By: MM MM user 25 Feb 2019 at 7:39 p.m. CST

1 Response
MM MM gravatar
Hi there, Apologies for the noob questions but we have set up a not-for-profit and lobbied online training providors to provision their premium services to our community for free. We have no budget and are all volunteers and so I have been exploring whether Gluu might be the perfect solution for us. I'm not clear as to whether we can build the following using Gluu exclusively, so any thoughts/guidance would be very welcome. The user journey is as follows. 1. A beneficiary or a mentor social signs on using linkedin. It seems as if I can make a Custom Login page with Social Signon ONLY ( using passport ) and I'm hoping that we can do this by customising the public pages as described here https://gluu.org/docs/ce/3.1.5/operation/custom-design/ So far so good 2. Beneficiaries and mentors can both have access to the online community (a Discord server) so after setting up a client relationship with Discord, will this be visible on the next page after registration / login? I set up a Test SAML Service using an [RSA tool](https://sptest.iamshowcase.com/instructions) and it works but I'm a bit stuck as to where I should put the [SAML Authentication Request link](https://sptest.iamshowcase.com/protected?idp=dbd2e6e2270b1ab0660fa43a1a8f2f6db8c46ea8) 3. Only beneficiaries can have access to 8 other online training resources. Can we put a form field for a custom attribute so that it can be validated (against REGEX) or perhaps just a link to their profile so that this can be done. After the user enters a string into the custom attribute field that matches the REGEX how can we write a rule that automates adding beneficiaries to a new group which then has access to all of the resources (not just the discord server). Thanks for your patience in reading and I hope the community will have some ideas as to how we can achieve this using Gluu. Very best wishes, M

By William Lowe staff 26 Feb 2019 at 1:43 a.m. CST

William Lowe gravatar
> A beneficiary or a mentor social signs on using linkedin.
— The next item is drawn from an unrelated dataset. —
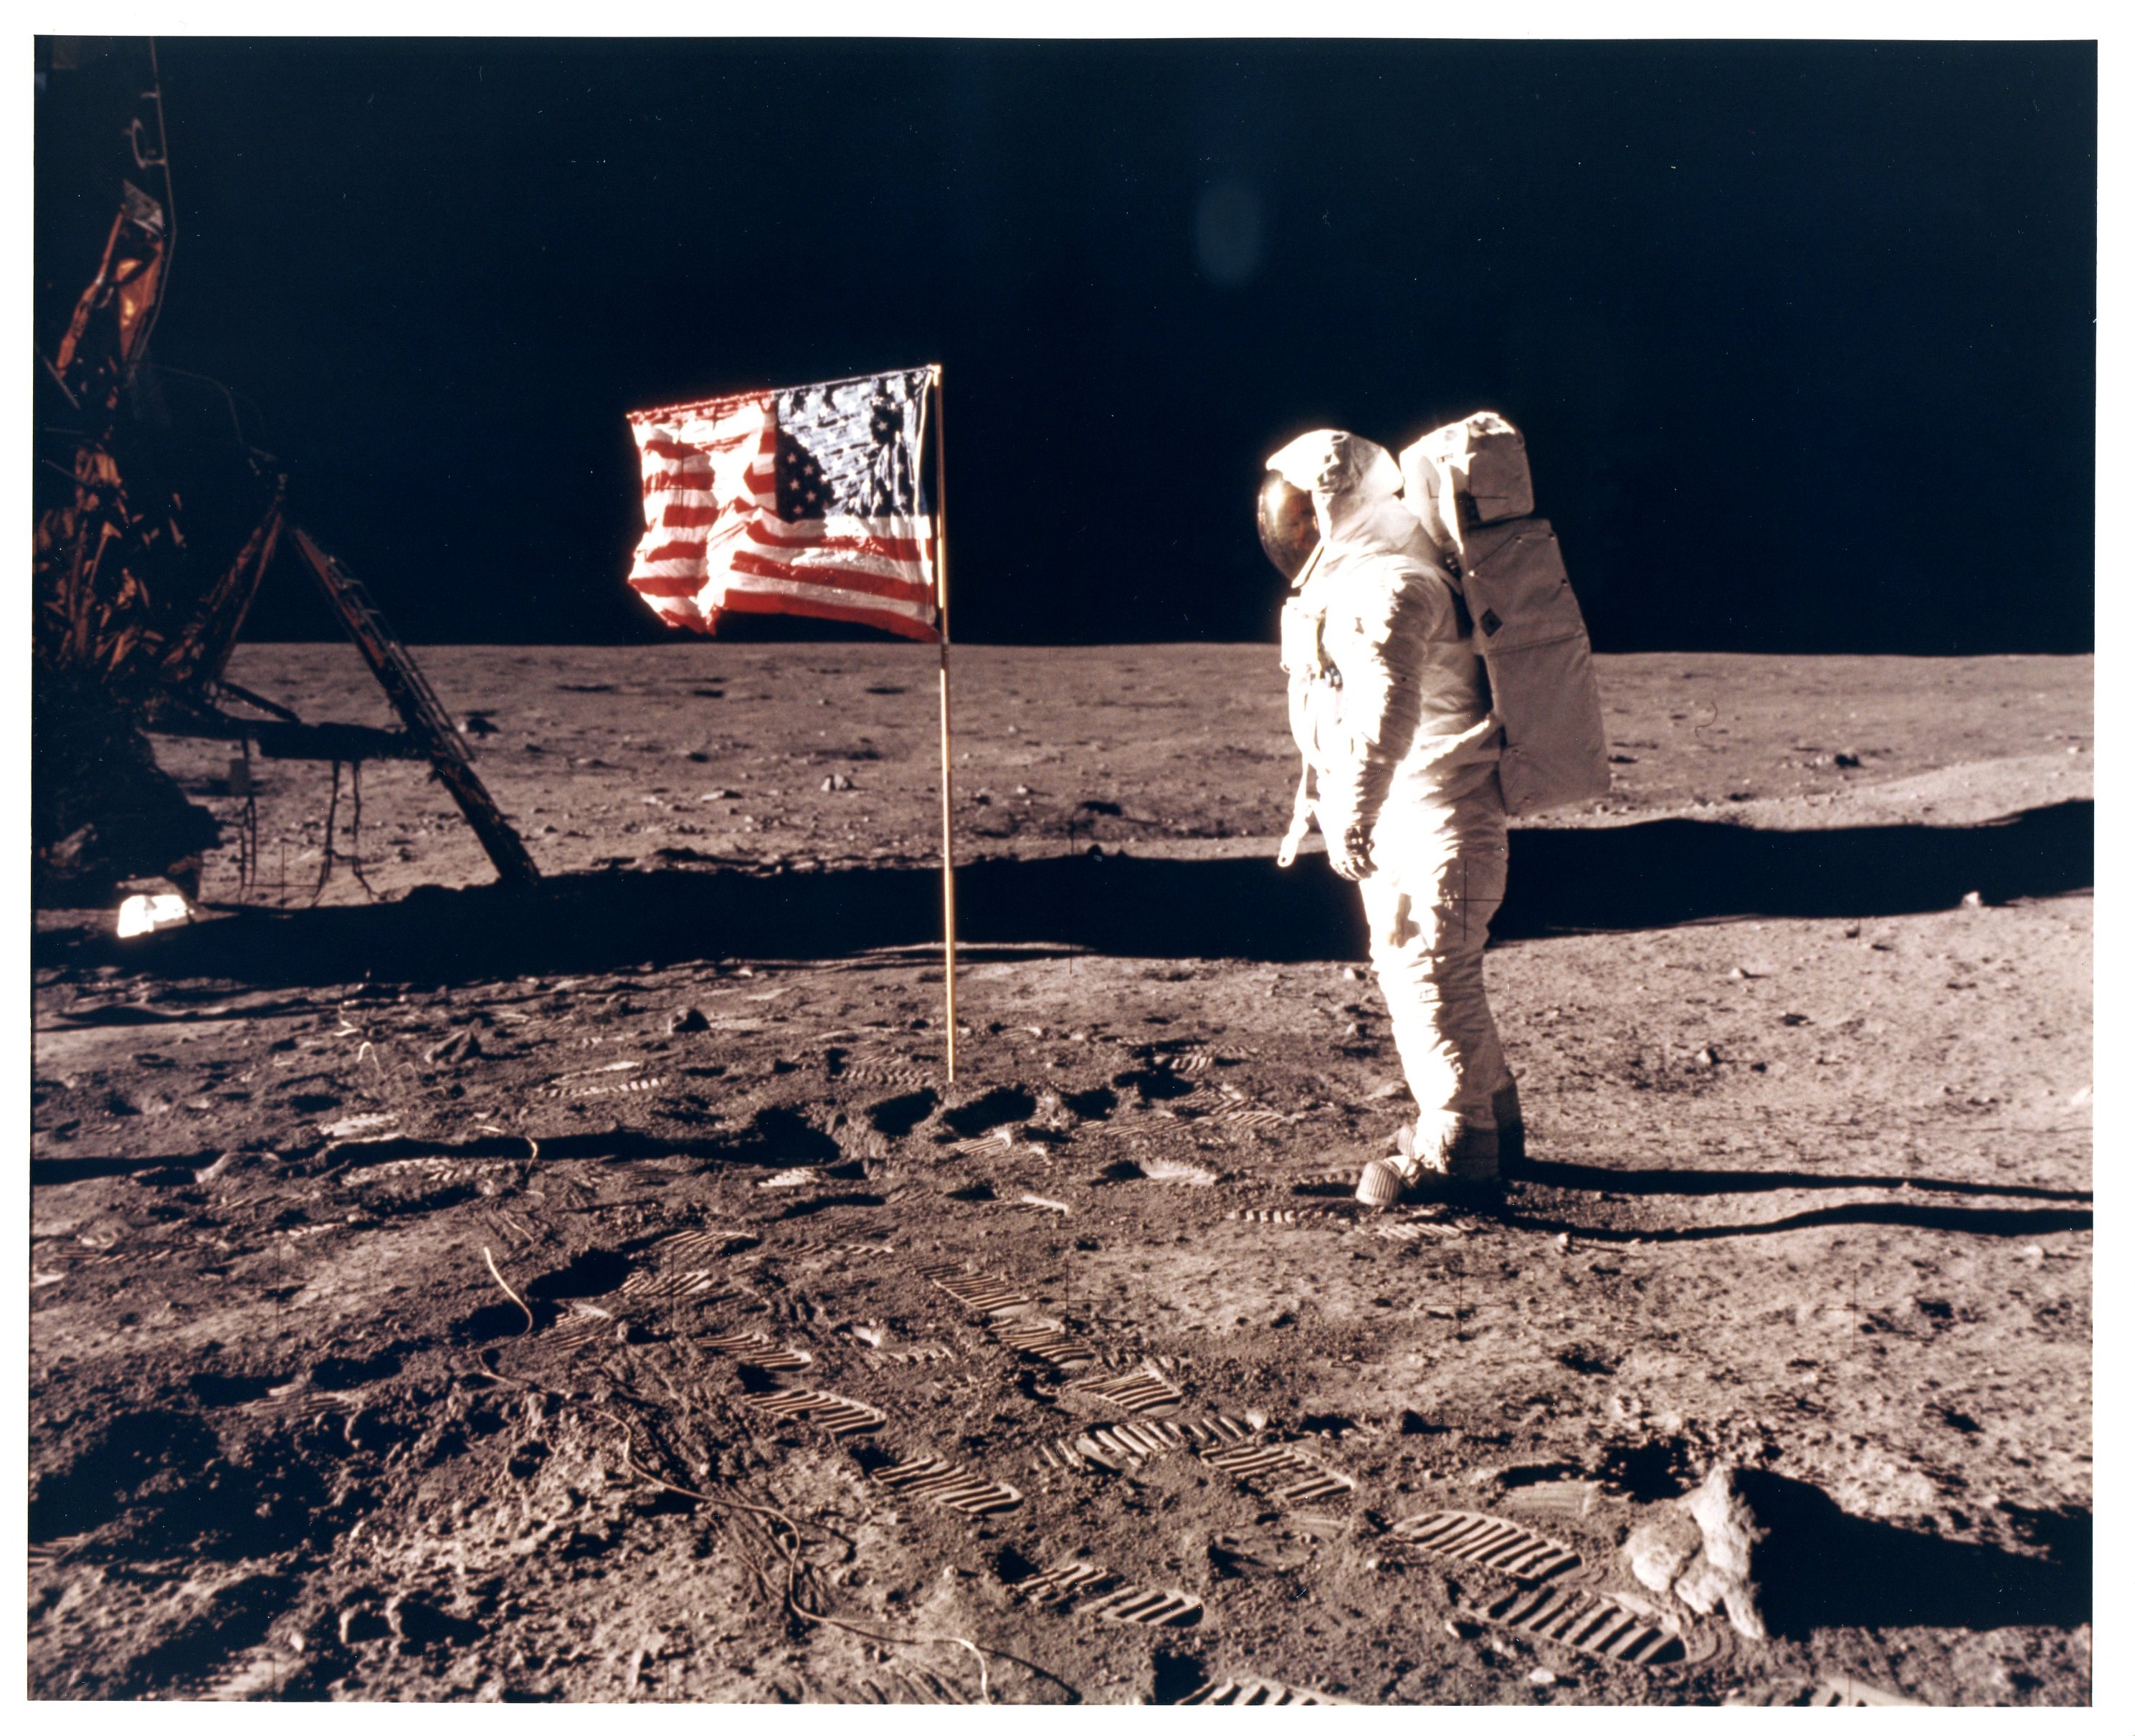 Apollo 11, Buzz Aldrin with the flag of the United States (AS11-40-5880), 1969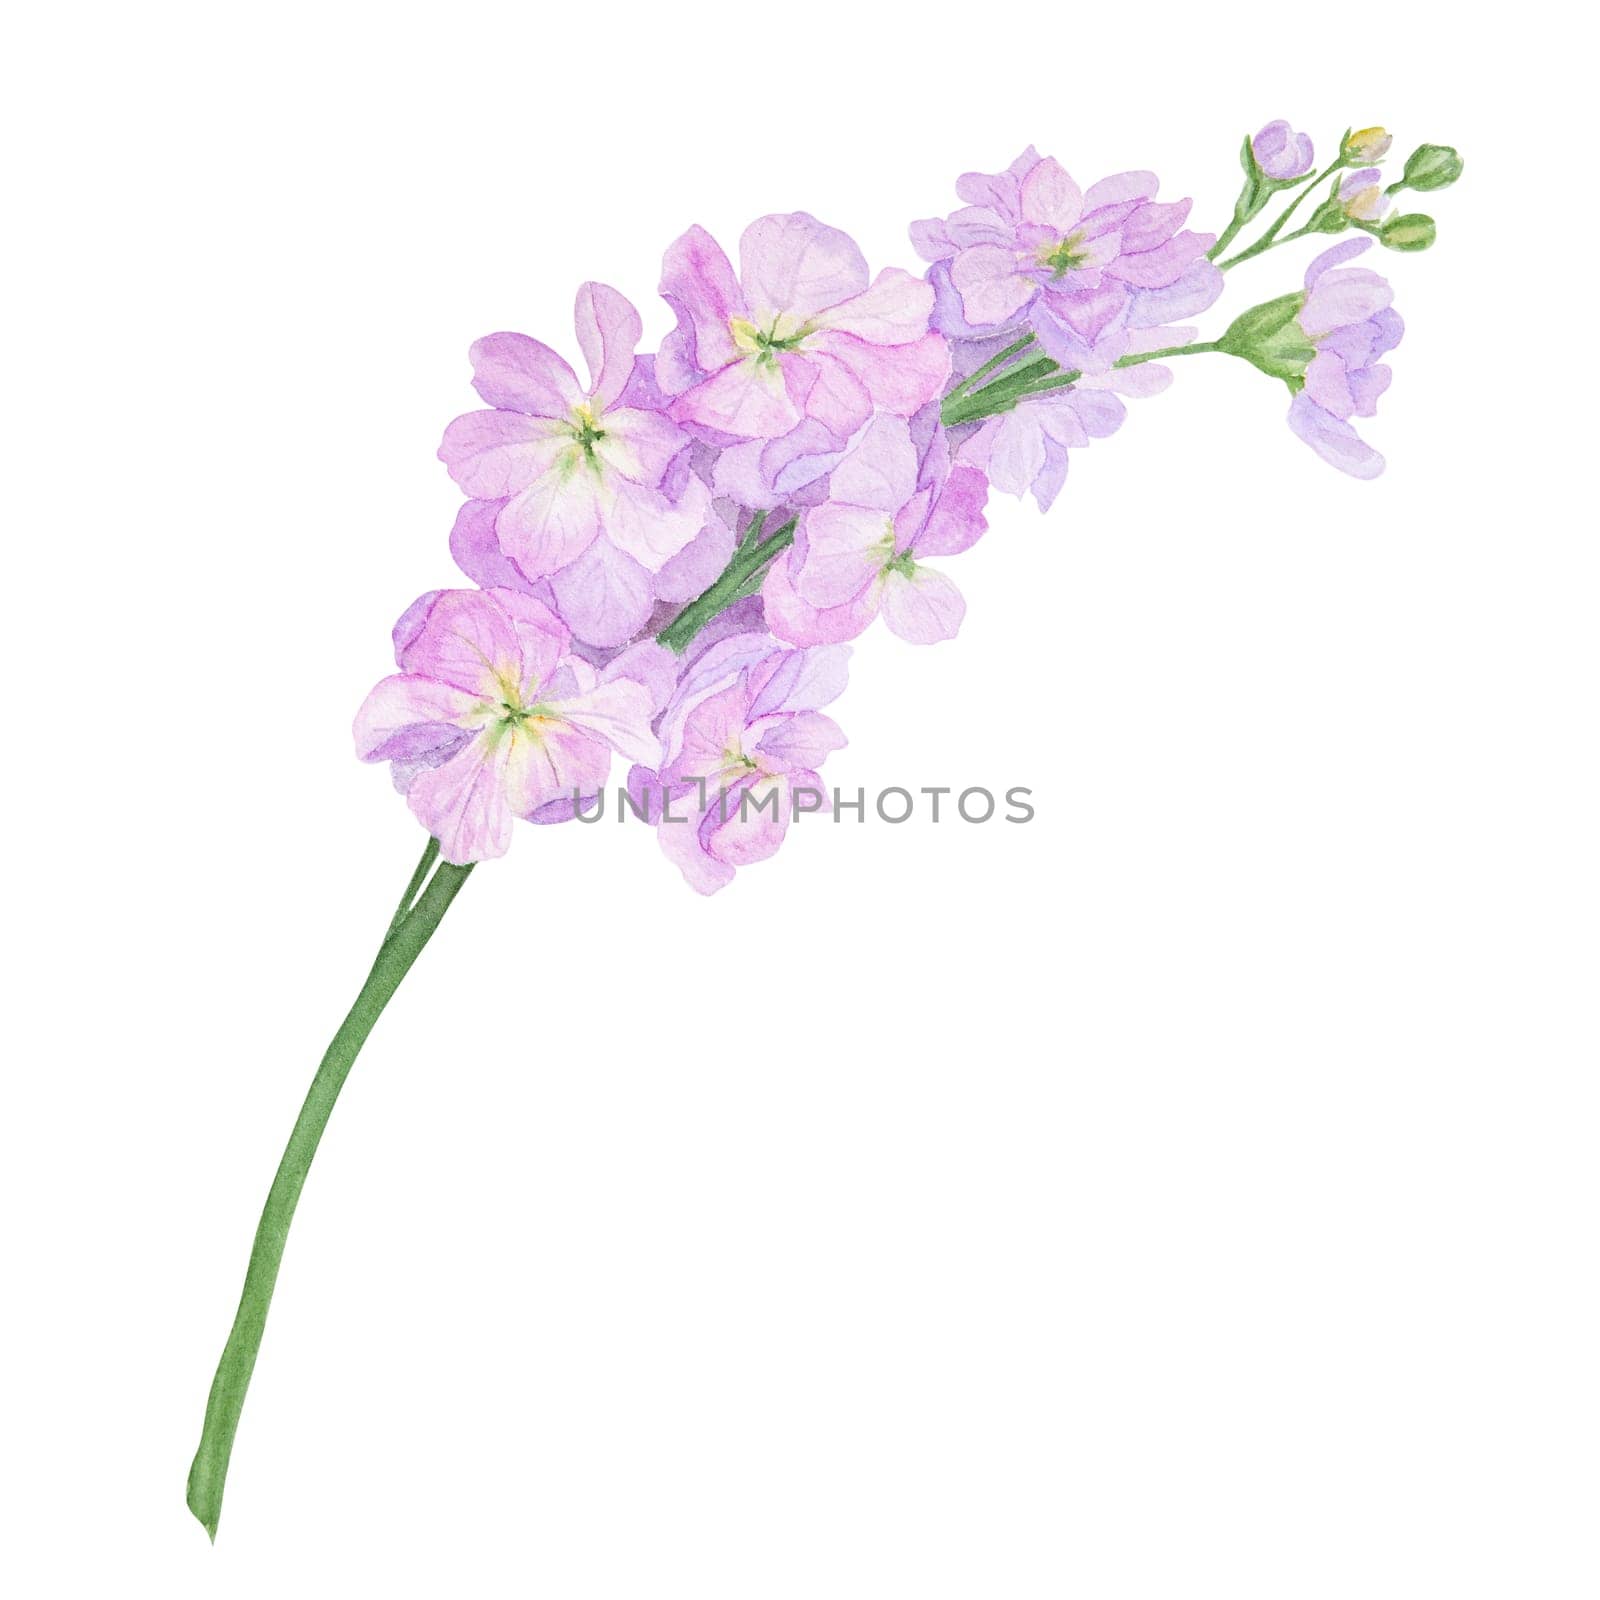 Garden lilac stock, violet gillyflower watercolor illustration. Hand drawn botanical painting, floral sketch. Colorful sweet pea flower clipart for summer or autumn design of wedding invitation, prints, greetings, sublimation, textile

It seems as if I can make a Custom Login page with Social Signon ONLY ( using passport ) and I'm hoping that we can do this by customising the public pages as described here https://gluu.org/docs/ce/3.1.5/operation/custom-design/ > Yes, supported. A social login page is included out of the box, but you are also free to do your own customizations. > Beneficiaries and mentors can both have access to the online community (a Discord server) so after setting up a client relationship with Discord, will this be visible on the next page after registration / login? Client == OpenID Connect. Trust Relationship == SAML. Sounds like you're using SAML, so you'll need to setup a Trust Relationship in Gluu to release the personal info to Discord. Sounds like you have that much covered. Now the user needs some way to find this application service.. so you need to have some public page users can access, and click "login" to Discord, and then the redirect to Gluu will happen, then post successful auth, the redirect to private Discord page will happen. > I set up a Test SAML Service using an RSA tool and it works but I'm a bit stuck as to where I should put the SAML Authentication Request link You should open a separate ticket about this with complete details and steps to reproduce. > Only beneficiaries can have access to 8 other online training resources. Can we put a form field for a custom attribute so that it can be validated (against REGEX) or perhaps just a link to their profile so that this can be done. After the user enters a string into the custom attribute field that matches the REGEX how can we write a rule that automates adding beneficiaries to a new group which then has access to all of the resources (not just the discord server). The easiest way to achieve this type of access management is to have the app enforce access based on a specific attribute released by your Gluu Server. So those privileged users might all have the `privileged` attribute, which is required for access to the privileged apps. In general, it's best to keep support questions tightly focused about technical issues you are experiencing. It seems like more research will help you architect the right design for your ecosystem of apps.